Mme Panasuk explique qu'à l'échelle québécoise, il reste encore beaucoup de choses à faire en ce qui concerne les gestes de réconciliation. On peut parler de Joyce Echaquan, des centres de santé ou des revendications territoriales, mais dans ce dossier-là, des mères et des pères qui ont perdu la trace de leur enfant, il faut leur permettre de faire leur deuil. Ils doivent comprendre ce qui s'est passé.

Une loi précurseure?

La loi 79 est un premier pas vers la vérité et la réconciliation, soutient Ian Lafrenière, ministre sortant des Affaires autochtones. Au-delà des gestes symboliques, c'est l'exemple d'une action concrète pour permettre aux familles d'avoir des réponses.

M. Lafrenière affirme que cette loi est unique au Canada mais que le gouvernement québécois n'a pas de pouvoir juridique à l'extérieur de la province. Il souhaite néanmoins que le reste du pays emboîte le pas en adoptant des lois similaires.

On sait qu'il existe des cas d'enfants disparus dans les Maritimes et en Ontario. J'ai approché le gouvernement fédéral, qui a montré une certaine ouverture.

De son côté, Ghislain Picard, chef de l’Assemblée des Premières Nations Québec-Labrador (Assemblée des Premières Nations du Québec-Labrador), estime que le gouvernement de François Legault doit en faire davantage dans plusieurs dossiers, tout particulièrement en ce qui a trait aux recommandations de la commission Viens sur les relations entre les Autochtones et certains services publics au Québec.

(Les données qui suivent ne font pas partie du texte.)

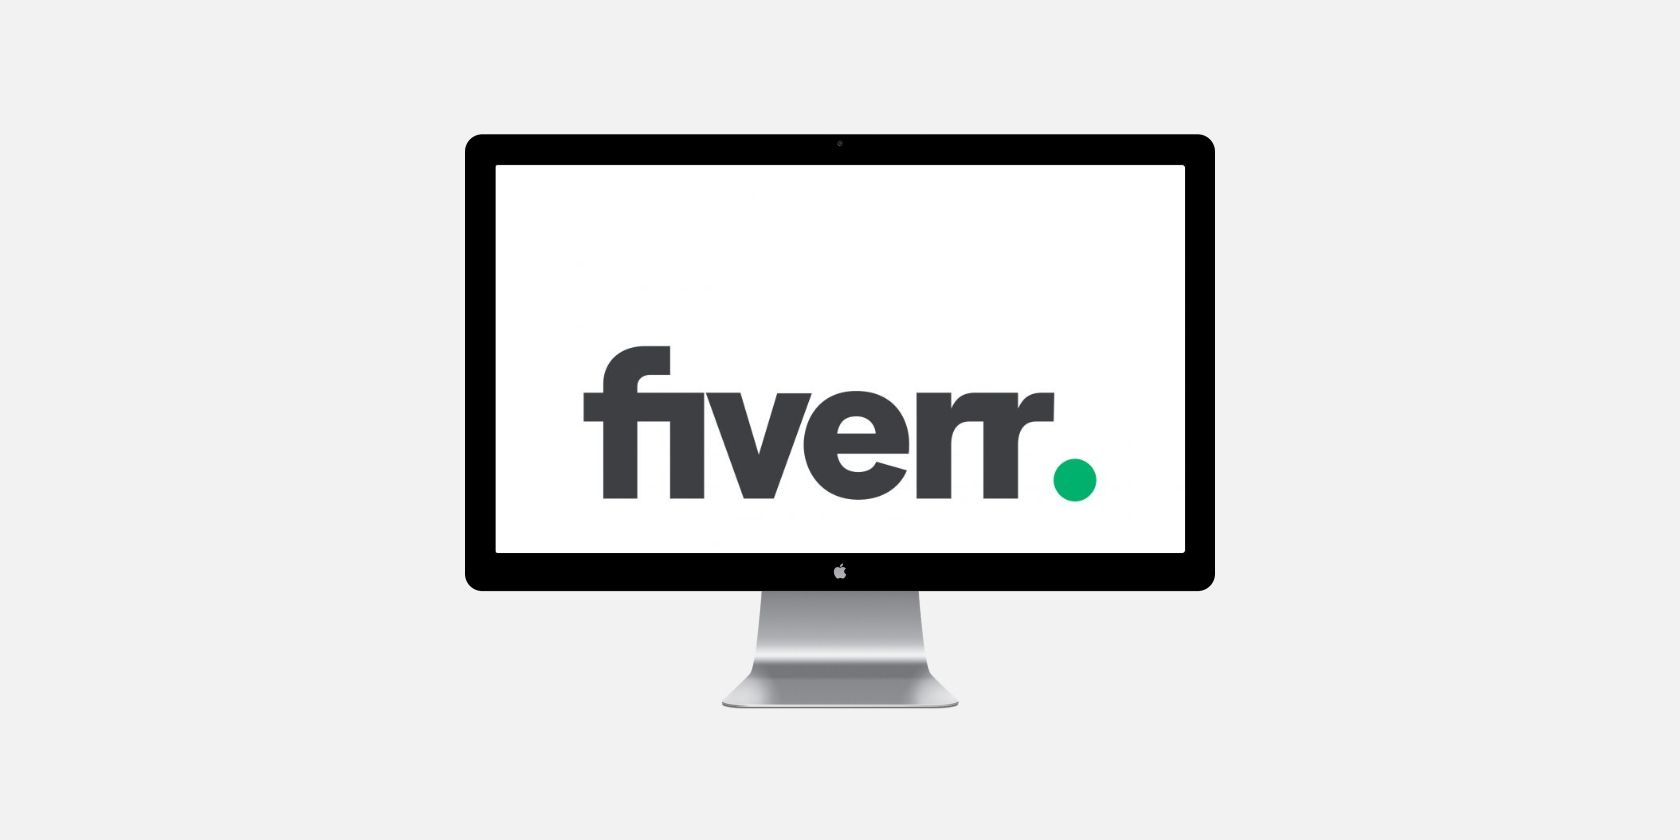 Mock-Up of Fiverr Logo Displayed on a computer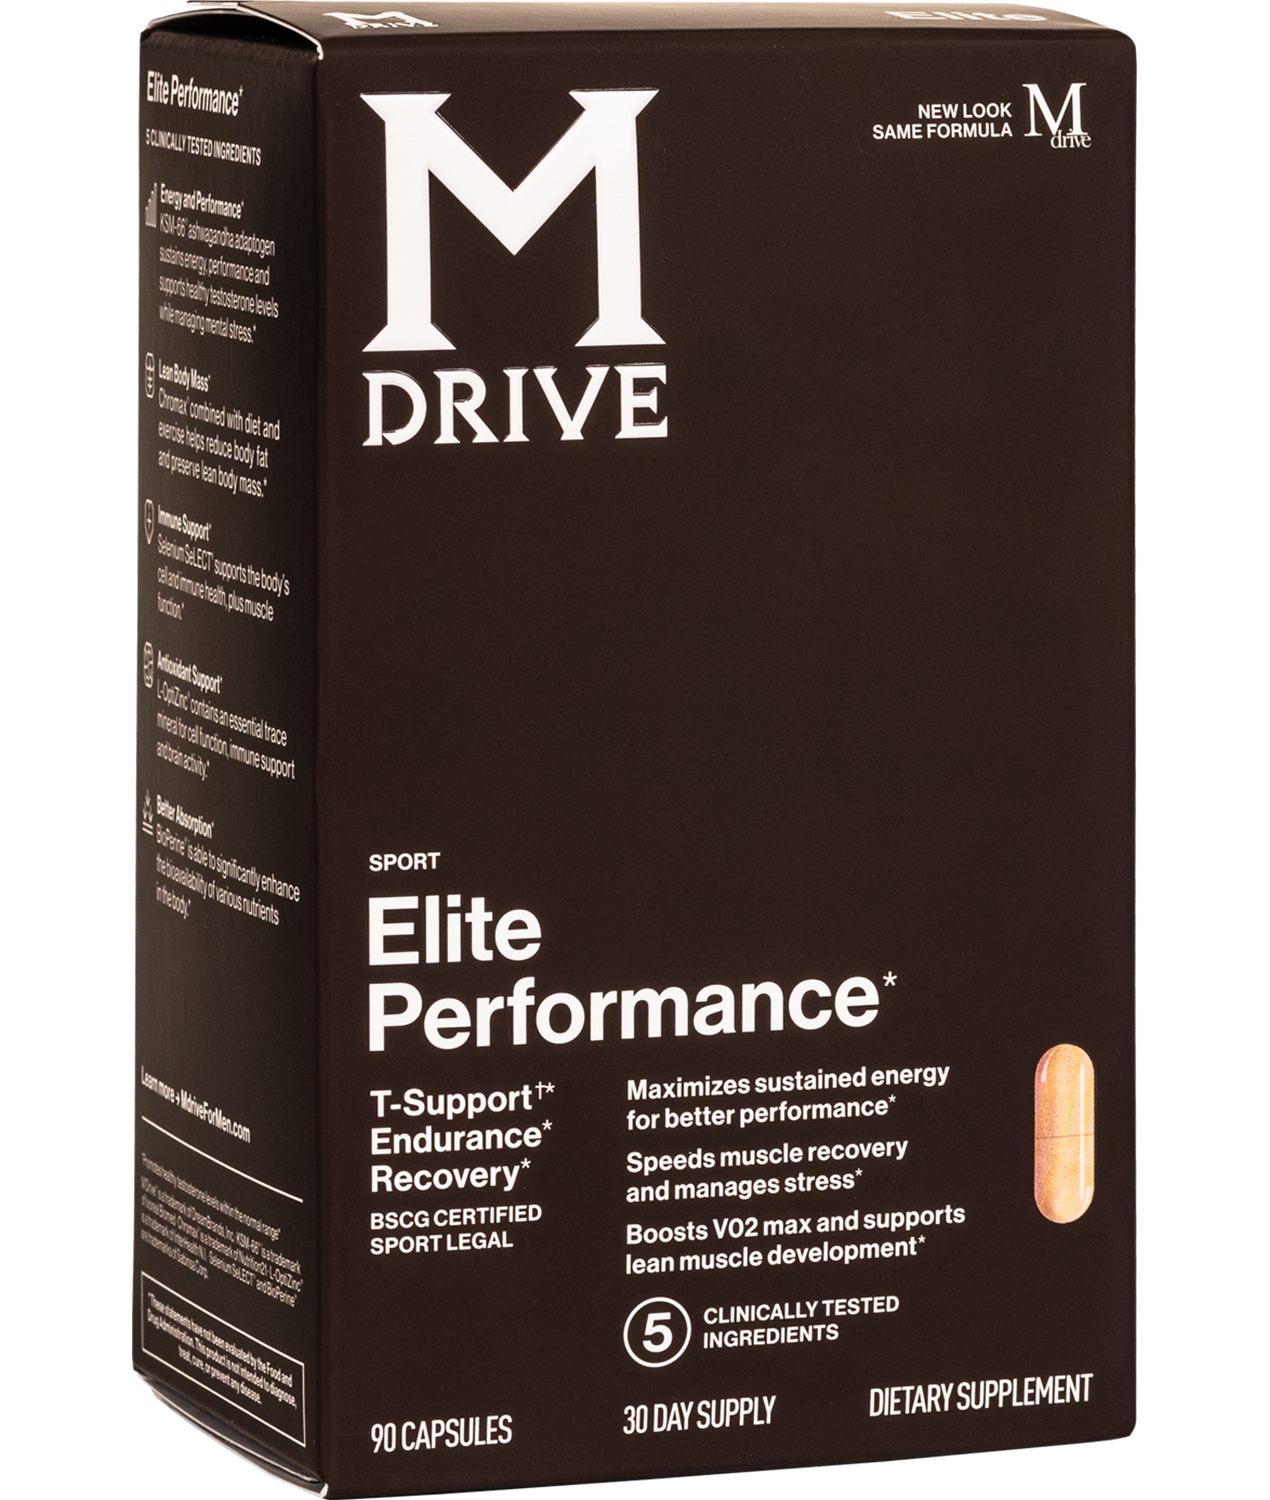 M Drive Elite

Beaucoup d'argent a été dépensé et beaucoup d'appels à l'action ont été formulés. On demeure toujours sur notre appétit par rapport à la mise en œuvre de ces appels à l'action.

Pourtant, le gouvernement doit rapidement trouver des solutions sur le comment assurer que le système de santé chez nous respecte ce que nous sommes, et comment assurer que le racisme soit chose du passé.
Une citation de Ghislain Picard, chef de l’Assemblée des Premières Nations Québec-Labrador
Ghislain Picard.

Ghislain Picard, chef de l’Assemblée des Premières Nations Québec-Labrador

Photo : Radio-Canada / Ivanoh Demers

Un autre dossier important pour le chef Picard concerne le droit à l'autodétermination des premiers peuples. À ce sujet, il propose la création d'une commission parlementaire spéciale instituée par le gouvernement qui sera élu le 3 octobre et qui mettra rapidement la table pour un dialogue direct entre les nations autochtones et l'ensemble des élus du Québec.

L'Assemblée nationale a voté le 8 octobre 2019 une résolution qui engage le gouvernement à s'asseoir avec nous pour discuter des termes de la mise en application de la Déclaration des Nations unies sur les droits des peuples autochtones. Trois ans plus tard, on n'est même pas au seuil de ce processus.

Le chef de l'Assemblée des Premières Nations du Québec-Labrador déplore l'isolement de la province quant aux politiques menées par le reste du pays et sur la scène internationale. Si j'étais à la place d'un premier ministre du Québec, je me dirais qu'il y a moyen de faire mieux, mais ce n'est malheureusement pas ce qu'on constate.

La Journée nationale de la vérité et de la réconciliation donne lieu à de nombreuses activités au Canada.